Bio: Thomas Parisini received the Ph.D. degree in electronic engineering and computer science from the University of Genoa, Italy, in 1993. He was an associate professor with Politecnico di Milano, Italy. He currently holds the chair of industrial control and is the head of the Control and Power Research Group, Imperial College London. He also holds a Distinguished Professorship at Aalborg University, Denmark. Since 2001, he has been the Danieli Endowed Chair of automation engineering with the University of Trieste, Trieste, Italy, where from 2009 to 2012, he was the Deputy Rector. In 2023, he held a “Scholar-in-Residence” visiting position with Digital Futures-KTH, Stockholm, Sweden. He has authored or coauthored a research monograph in the Communication and Control Series, Springer Nature, and more than 400 research papers in archival journals, book chapters, and international conference proceedings.
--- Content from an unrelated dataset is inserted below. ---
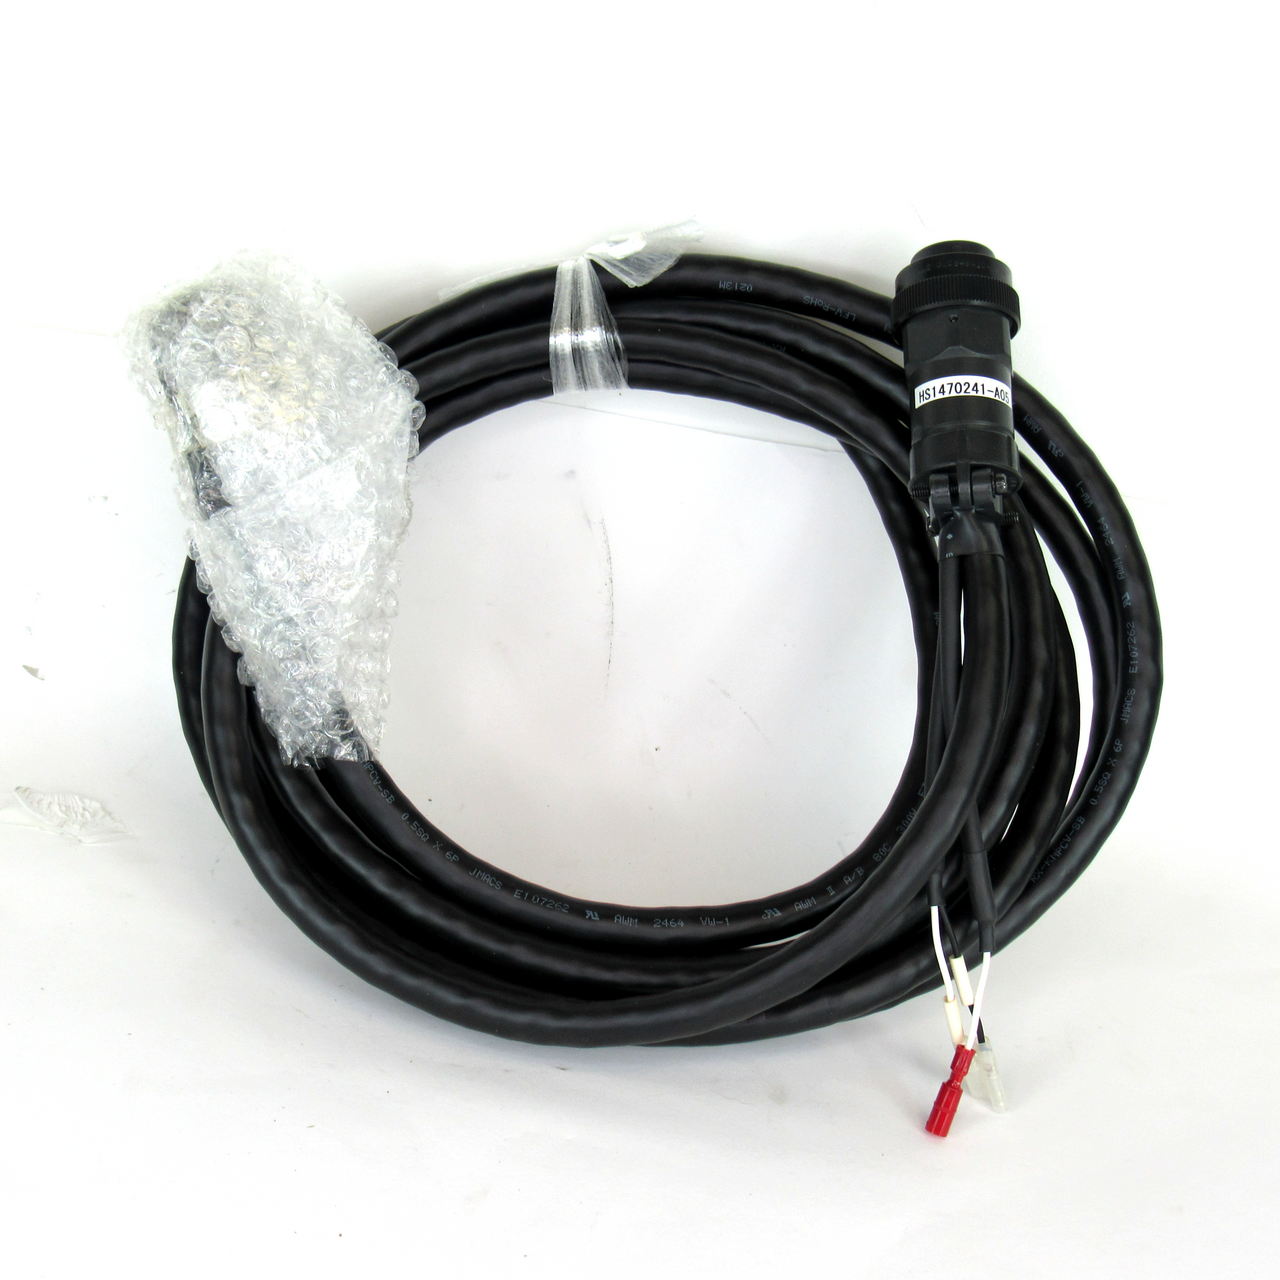 Yaskawa HS1470241-A05 Robotic Control Cable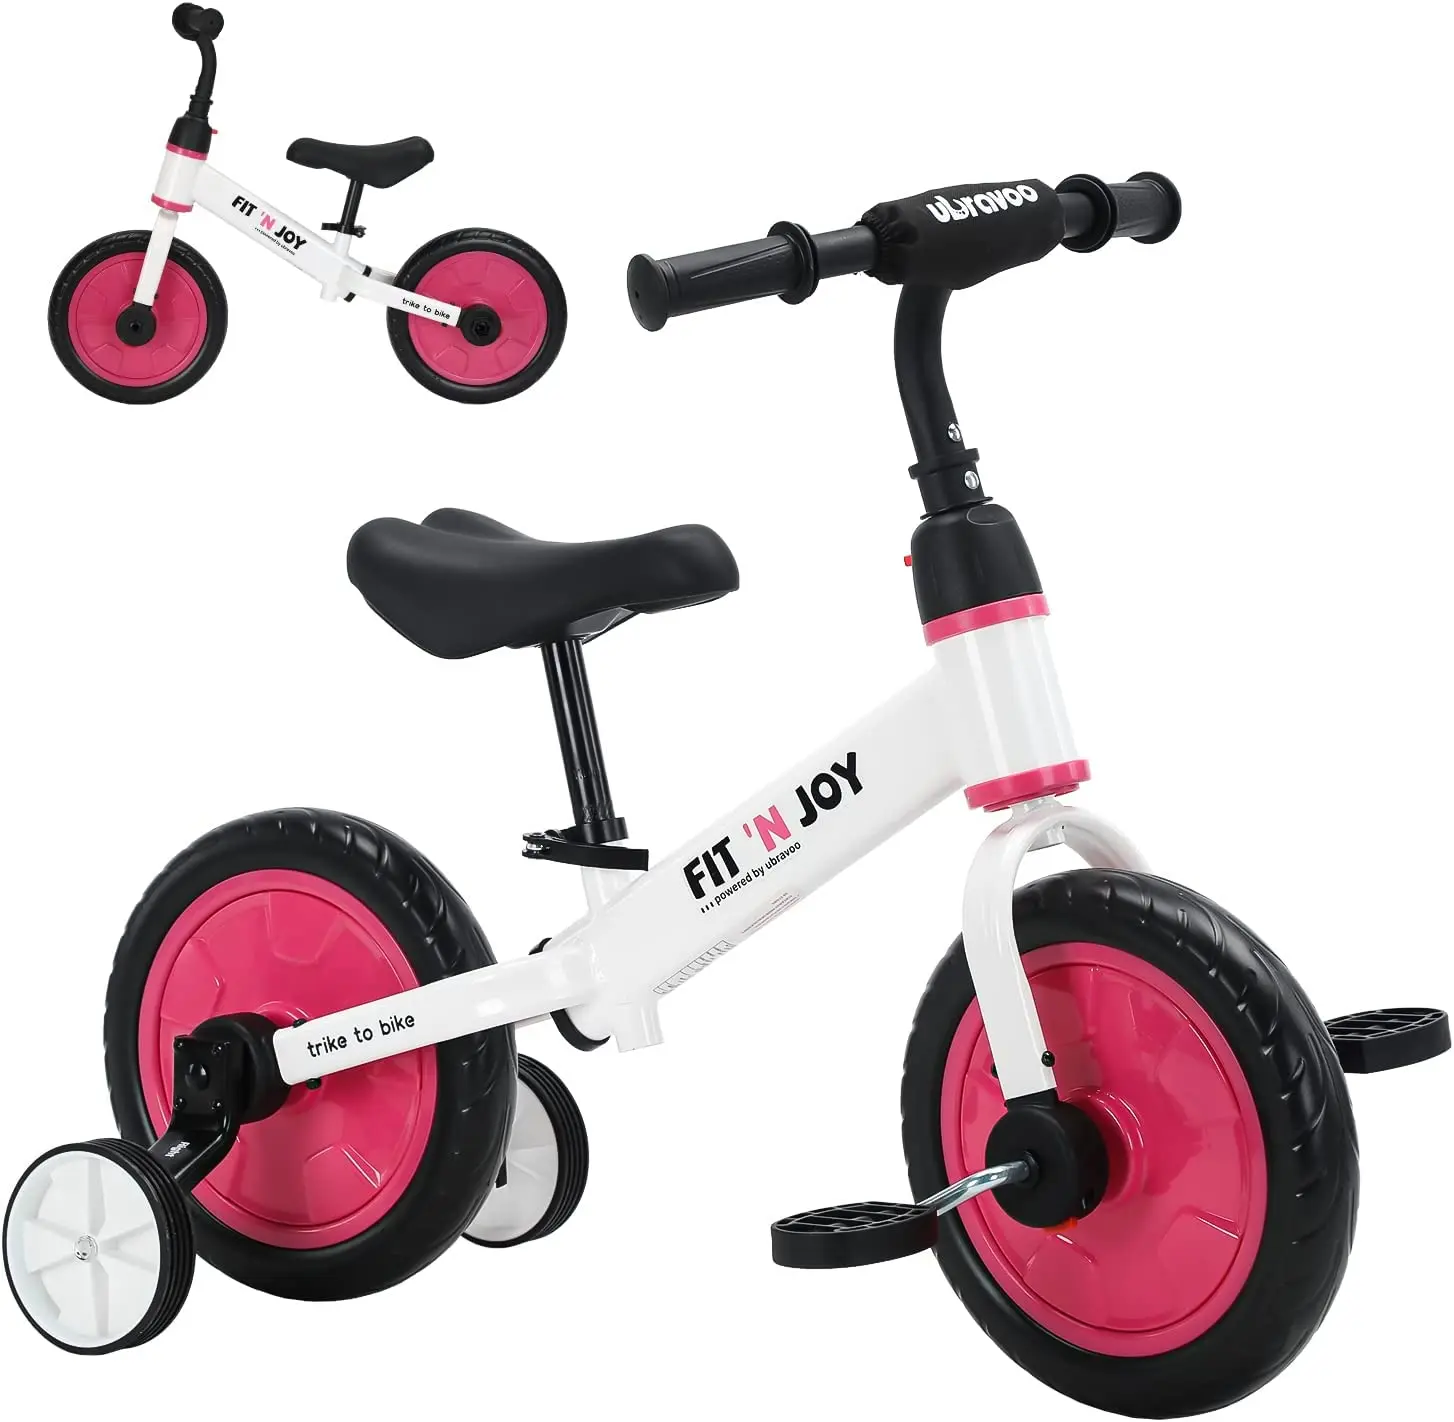 UBRAVOO-Fit-n-Joy-Beginner-Toddler-Training-Bicycle-for-Boys-Girls-2-4-4-in-1-1

Parisini was the recipient of the Knighthood of the Order of Merit of the Italian Republic for scientific achievements abroad awarded by the Italian President of the Republic in 2023. In 2018 he received the Honorary Doctorate from the University of Aalborg, Denmark and in 2024, the IEEE CSS Transition to Practice Award. Moreover, he was awarded the 2007 IEEE Distinguished Member Award and was co-recipient of the IFAC Best Application Paper Prize of the Journal of Process Control, Elsevier, for the three-year period 2011-2013 and of the 2004 Outstanding Paper Award of IEEE Transactions on Neural Networks. In 2016, he was awarded as Principal Investigator with Imperial of the H2020 European Union flagship Teaming Project KIOS Research and Innovation Centre of Excellence led by the University of Cyprus with an overall budget of over 40 million Euros.
He was the 2021-2022 President of the IEEE Control Systems Society, and he was the Editor-in-Chief of IEEE Transactions on Control Systems Technology (2009-2016). He was the Chair of the IEEE CSS Conference Editorial Board (2013-2019). Also, he was the associate editor of several journals including the IEEE Transactions on Automatic Control and the IEEE Transactions on Neural Networks. He is currently an Editor of Automatica and the Editor-in-Chief of the European Journal of Control. He was the Program Chair of the 2008 IEEE Conference on Decision and Control and General Co-Chair of the 2013 IEEE Conference on Decision and Control. He is a Fellow of IEEE and IFAC. He serves as the Chair of the Awards of the IEEE Control Systems Society and as a Member of IEEE TAB Periodicals Review and Advisory Committee.